À l’exception de quelques vagues témoignages, au début de l’enquête, cette arme est la seule piste. Elle a été dérobée à un gendarme six mois plus tôt.

Trois jours après cet assassinat, un mystérieux groupe dit des « anonymes » le revendique dans un verbiage de trois pages qui se termine par : « L’arme utilisée pour l’action contre le préfet Erignac provient de la gendarmerie de Pietrosella (MAS sous licence Beretta A 00199) ».

Les enquêteurs de la DNAT (division nationale antiterroriste) n’ont pas attendu cette revendication pour s’engouffrer dans la piste qui leur était ainsi offerte. Ce qu’ils appellent « la piste agricole ». Le 9 février, ils arrêtent Marcel Lorenzini, un militant actif de la mouvance nationaliste qui est soupçonné de longue date d’avoir participé à l’attentat contre la gendarmerie de Pietrosella.

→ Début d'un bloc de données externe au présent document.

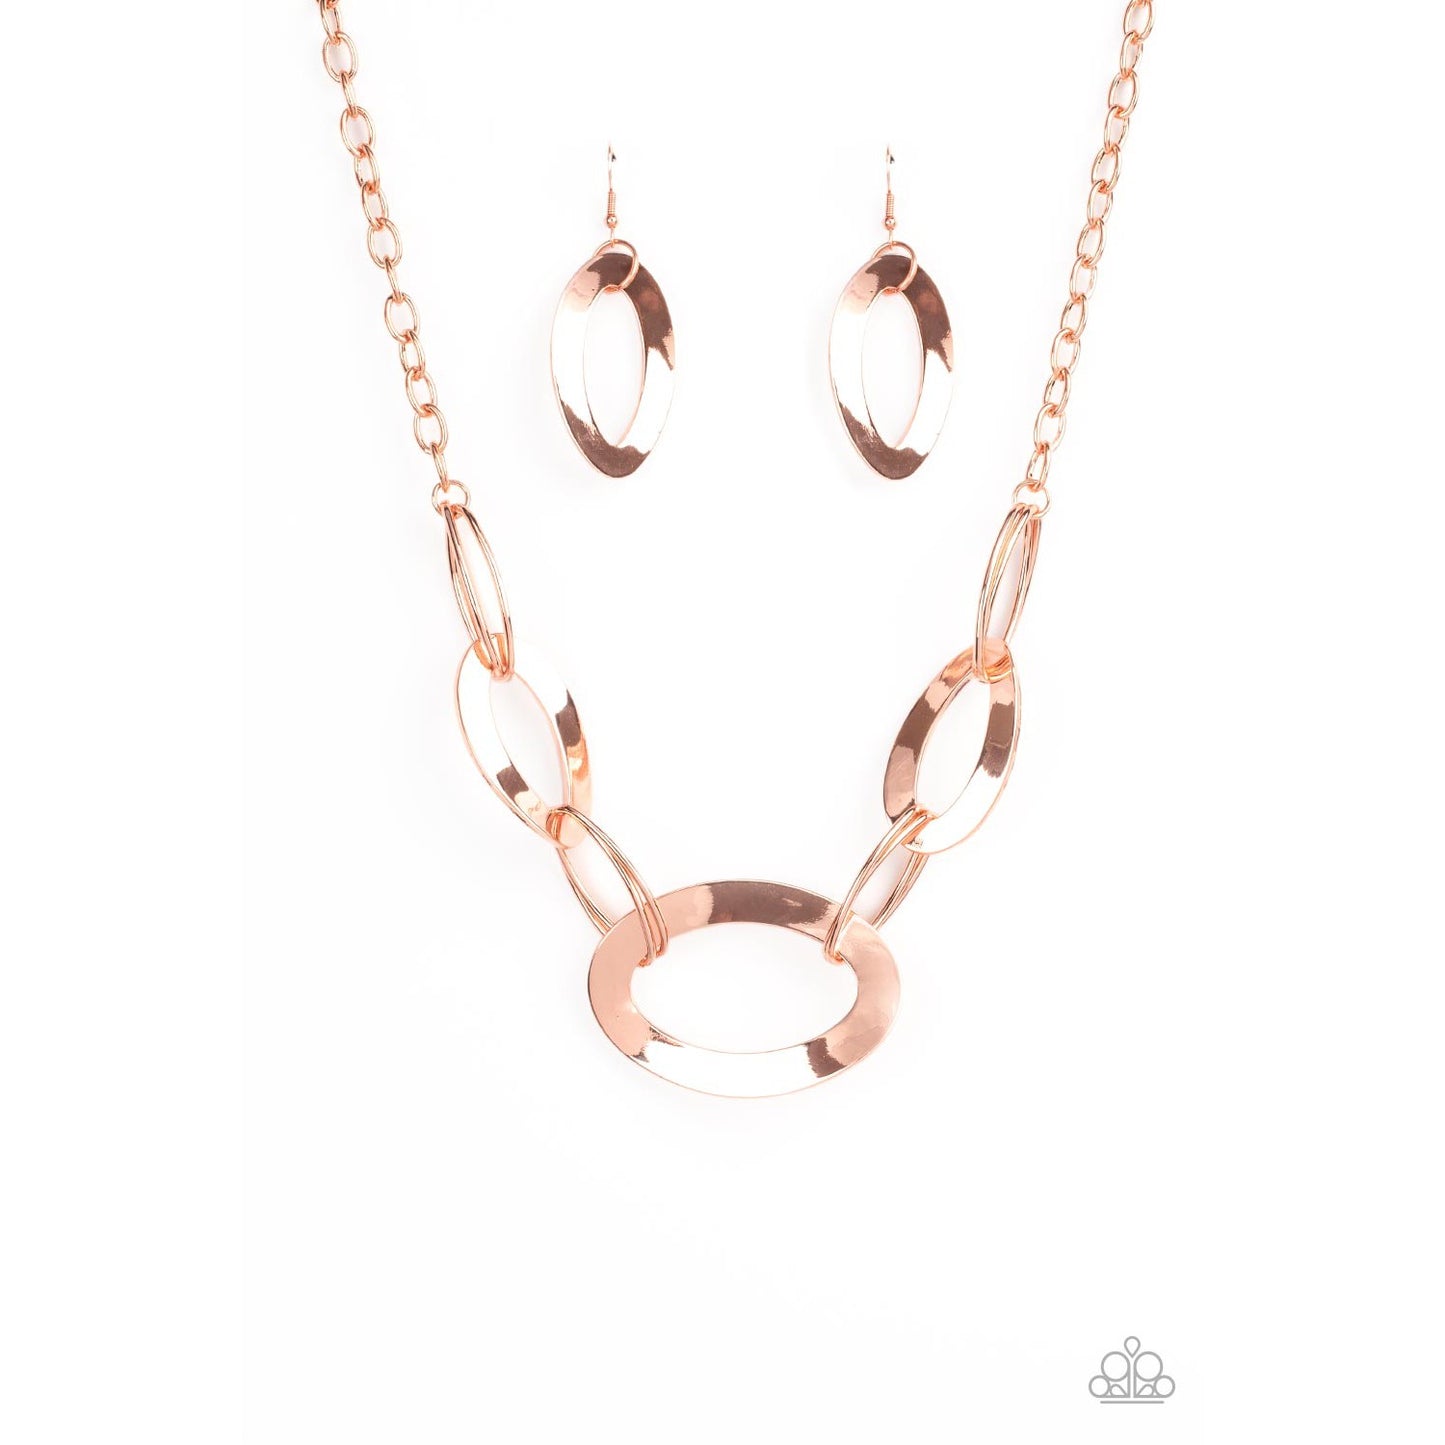 METALHEAD Count - Copper Necklace- rainbowartsreview by Danielle Baker

Un coupable désigné.

Les policiers sont alors persuadés d’avoir quasiment bouclé leur enquête. Et plus d’un an plus tard, ils arrêteront un autre agriculteur et militant nationaliste, Mathieu Filidori, soupçonné d’être l’un des complices de Lorenzini. Tous deux seront relâchés par la suite, lorsqu’on connaîtra le nom des véritables suspects.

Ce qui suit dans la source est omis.